THX an cheers :tiphat:


__
https://soundcloud.com/hive_mind%2Fsymphonic-attempt


----------



## Celloissimo (Mar 29, 2013)

Totally unrelated but are you a Black Sabbath fan?


----------



## Truckload (Feb 15, 2012)

Your piece sounds great. And trying to write in the style of a composer you admire is a great way to add to your own personal skill set. There is of course a danger that you might be tempted to take credit for something that is not your own work. But as long as that is not the case, you are in great company. 

Mozart wrote several quartets in the style of Haydn. Beethoven studied the styles of Haydn and Mozart closely, and tried to perfect the musical forms and structures used by Haydn and Mozart. Dvorak wrote some music in homage to Wagner, and I am sure there are many more examples to be found. Bottom line, great work. I hope you keep writing.

I like your work. I don't think you should add the exact Bruckner quote at the end. Doing so, in my opinion, detracts from what you have done.


----------



## intoTHEvoid (Oct 15, 2015)

Celloissimo said:


> Totally unrelated but are you a Black Sabbath fan?


Haha because of my nick? No, not really, I just thought it sounds cool and I couldnt come up with something else.



Truckload said:


> Your piece sounds great. And trying to write in the style of a composer you admire is a great way to add to your own personal skill set.
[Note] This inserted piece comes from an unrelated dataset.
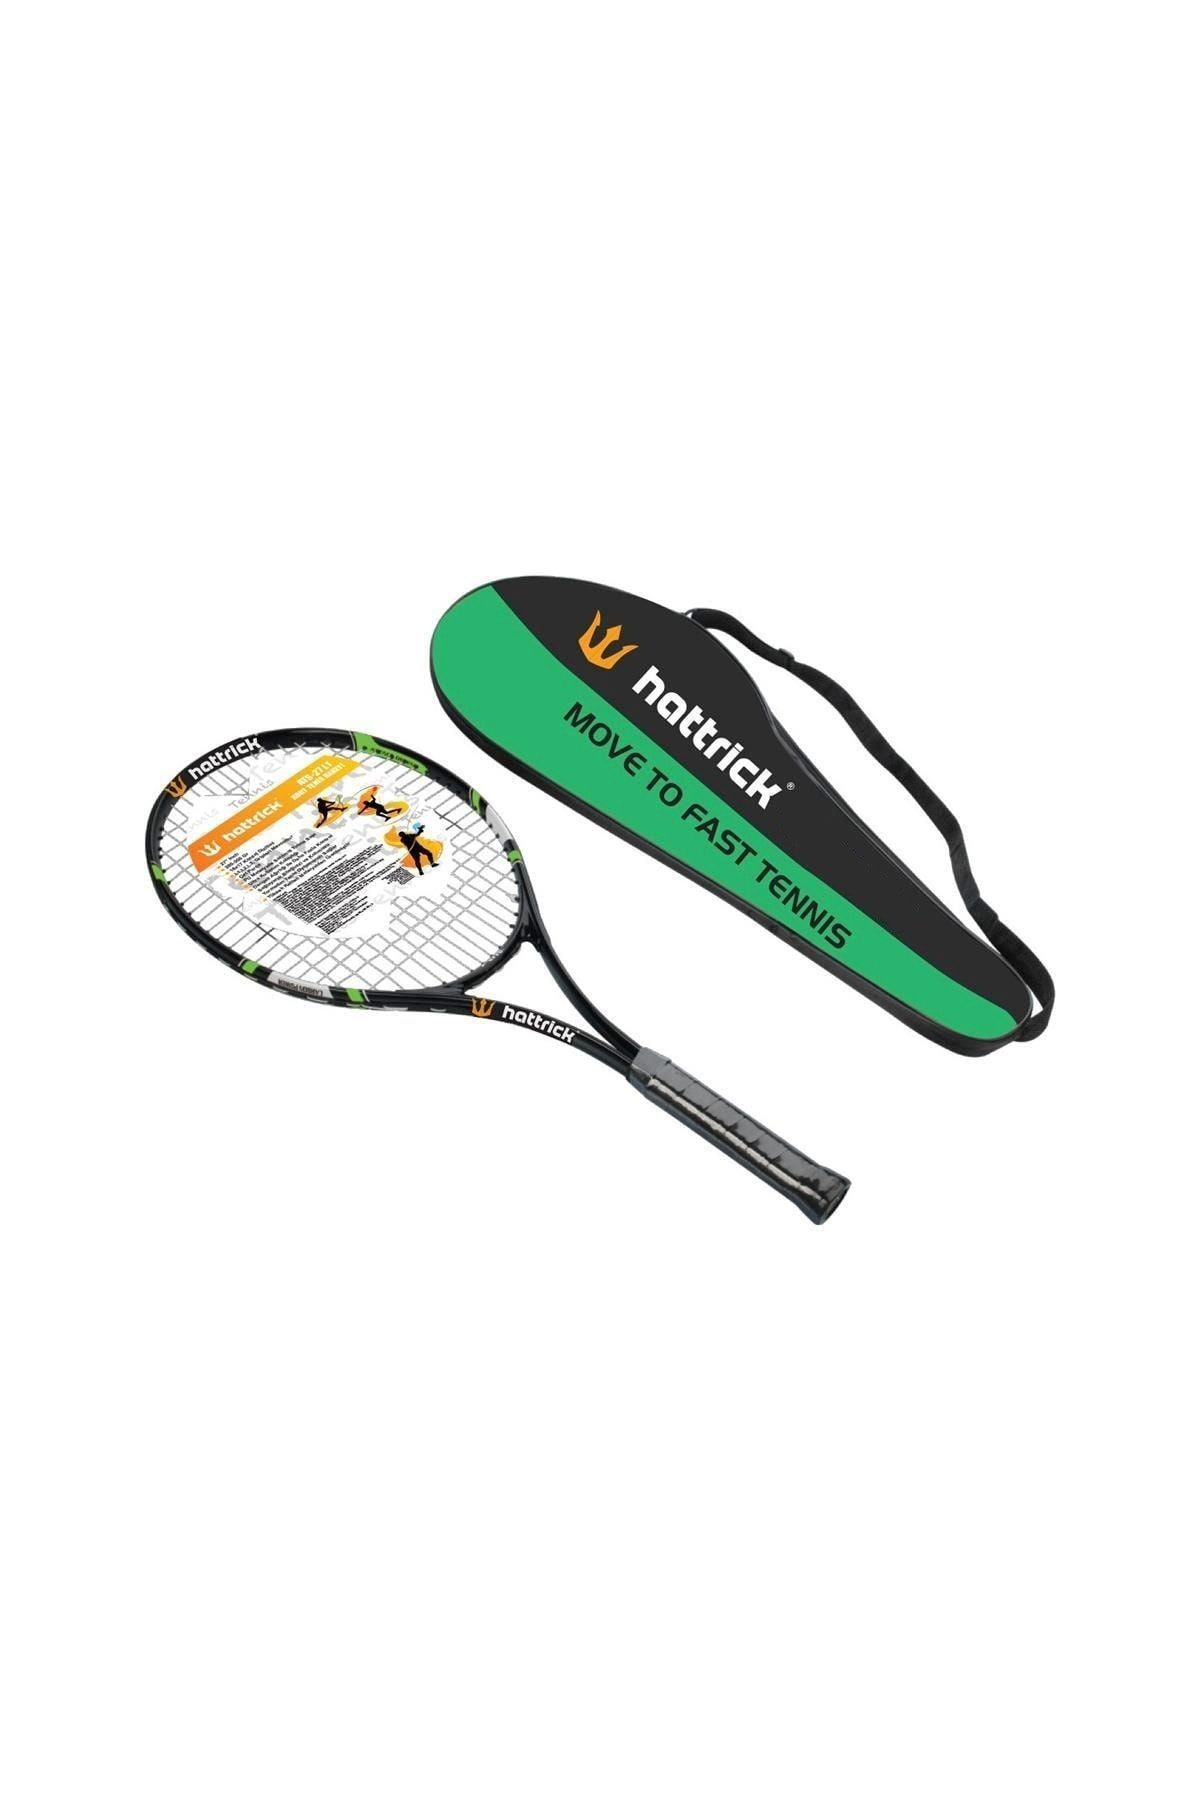 Hattrick Ats Çocuk Tenis Raketi 21 Inch Yeşil

There is of course a danger that you might be tempted to take credit for something that is not your own work. But as long as that is not the case, you are in great company.
> 
> I like your work. I don't think you should add the exact Bruckner quote at the end. Doing so, in my opinion, detracts from what you have done.


Thanks for listening and giving your opinion. Im glad you like the piece, that is very encouraging! I completly agree with you btw and Im not happy with that exact Bruckner quote. I really feel guilty and will not take any credit for that. Once I developed my own ending, I will update this post!

Thanks and cheers:tiphat:


----------



## sherief (Jun 24, 2009)

I enjoyed the mood of this piece very much. The ending was interesting haha I was like. That sounds really good! I think you should finish it in the same manner you created it. Don't be afraid to emulate Buckner as was mentioned in the comments. So much to learn indeed. Great work.


----------